The exchanges came during the Senate Transportation Committee hearing on SB 59.

It would allow the state Department of Tourism to charge for advertising inside traveler welcome centers along Interstate 90 and Interstate 29.

Goodman is deputy secretary of tourism for Gov. Dennis Daugaard.

The committee voted 7-0 to recommend its Senate passage.


But Sen. Jim Bolin, R-Canton, objected when Sen. Ernie Otten, R-Tea, tried to put the bill on the Senate's consent calendar, where it couldn't be debated.

A week ago some members of the House Commerce and Energy Committee raised similar concerns about the status of rest areas to Jim Hagen, who is secretary of tourism.

"We do not expect this to become a huge moneymaker for the department," Goodman told senators Monday.

She explained the revenue would help pay for videos, static advertising, interactive kiosks and print materials in the welcome centers. No one else testified.

Goodman said welcome centers employ travel counselors who provide information about South Dakota to travelers. She said they offer more than rest areas that also are along the interstates.

Goodman said welcome centers would be reconstructed at Homestead at the Vermillion turn on I-29 and at Valley Springs on I-90. She said the Wilmot rest area on I-29 would be expanded to add a welcome center.

The three will close this spring and reopen in spring 2019 after the work is finished, she said.

The welcome center at Salem would stay open through 2018 but would be only a rest area starting in 2019, Goodman said.


Bolin said he often stopped at the Salem center, and sometimes others, for naps during his drives to and from Pierre.

"I can assure that I do, on a pretty regular basis," he said.

Sen. Jason Frerichs, D-Wilmot, said it was "very troubling" that some I-29 rest areas closed last year.

One known as Hidewood was between Brookings and Watertown.

Frerichs said some women said they became uncomfortable while trying to reach a convenience store.

"These are retired teachers. They want to be prim and proper," Frerichs said.

Goodman replied that all of those things were considered during the review conducted with the state Department of Transportation.

She said Hidewood's northbound and southbound rest areas "unfortunately" were some of the oldest. They would have needed reconstruction, she said.

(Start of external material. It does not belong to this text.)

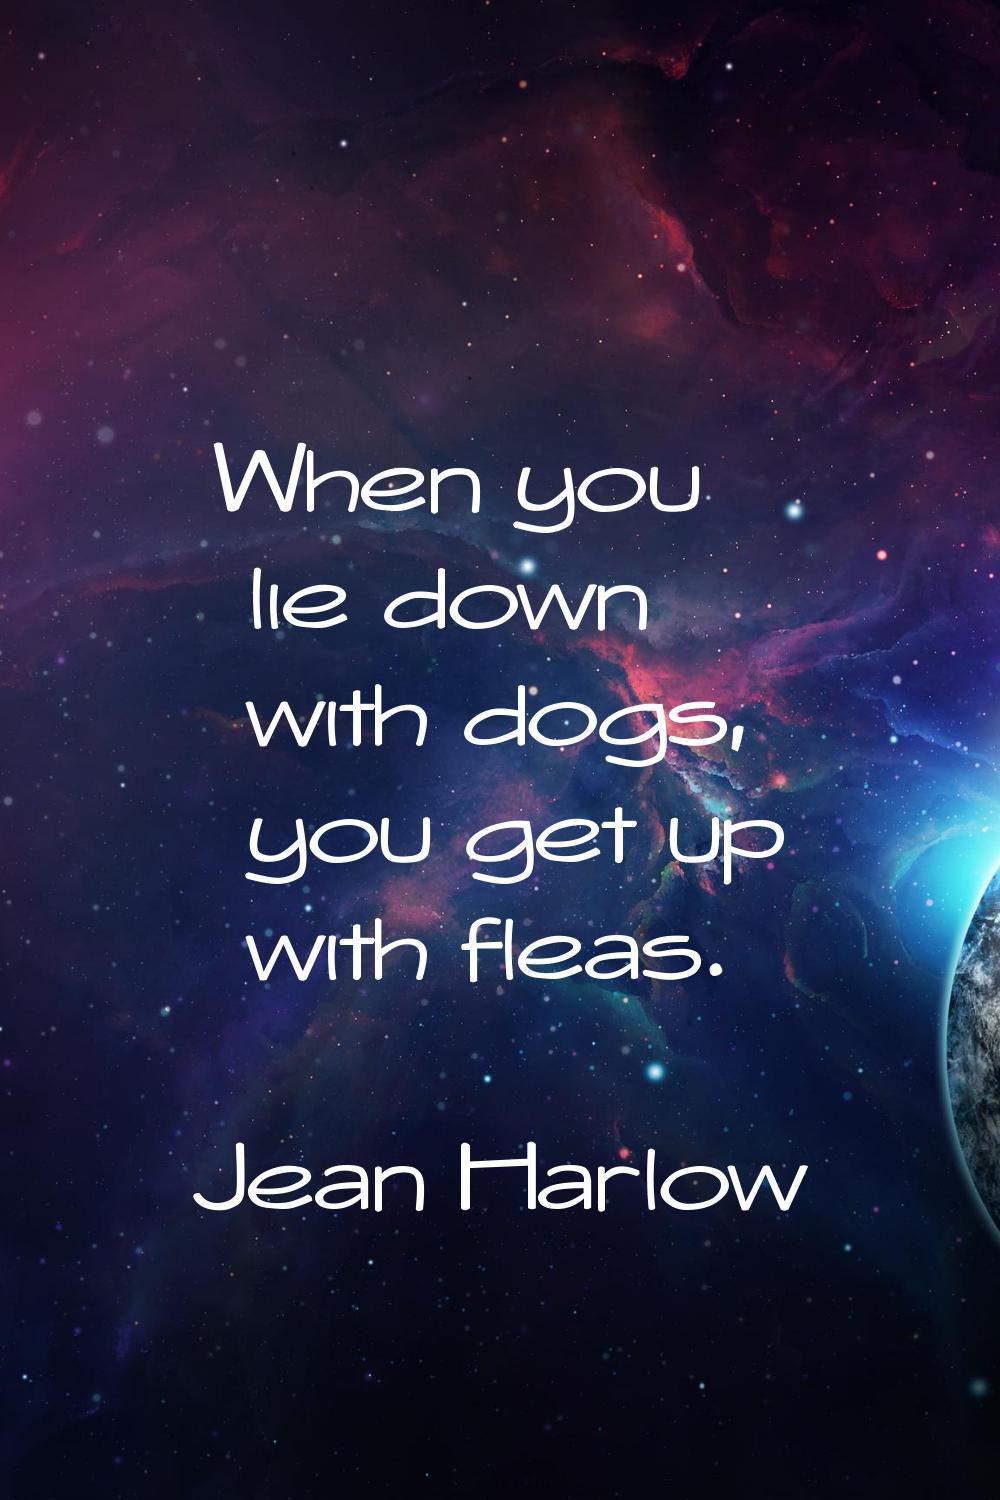 When you lie down with dogs, you get up with fleas.

"Those were two of the ones that made the cutting board," Goodman said.

Frerichs said another set was closed last summer too.

Sen. Alan Solano, R-Rapid City, asked if digital media would "push out" printed materials for some smaller businesses from the welcome centers.

"We'll keep that in place," Goodman said.

Solano asked the committee to recommend the bill.

"I'm very gratified that we'll remain with the print materials for those small businesses to get their name out," Solano said.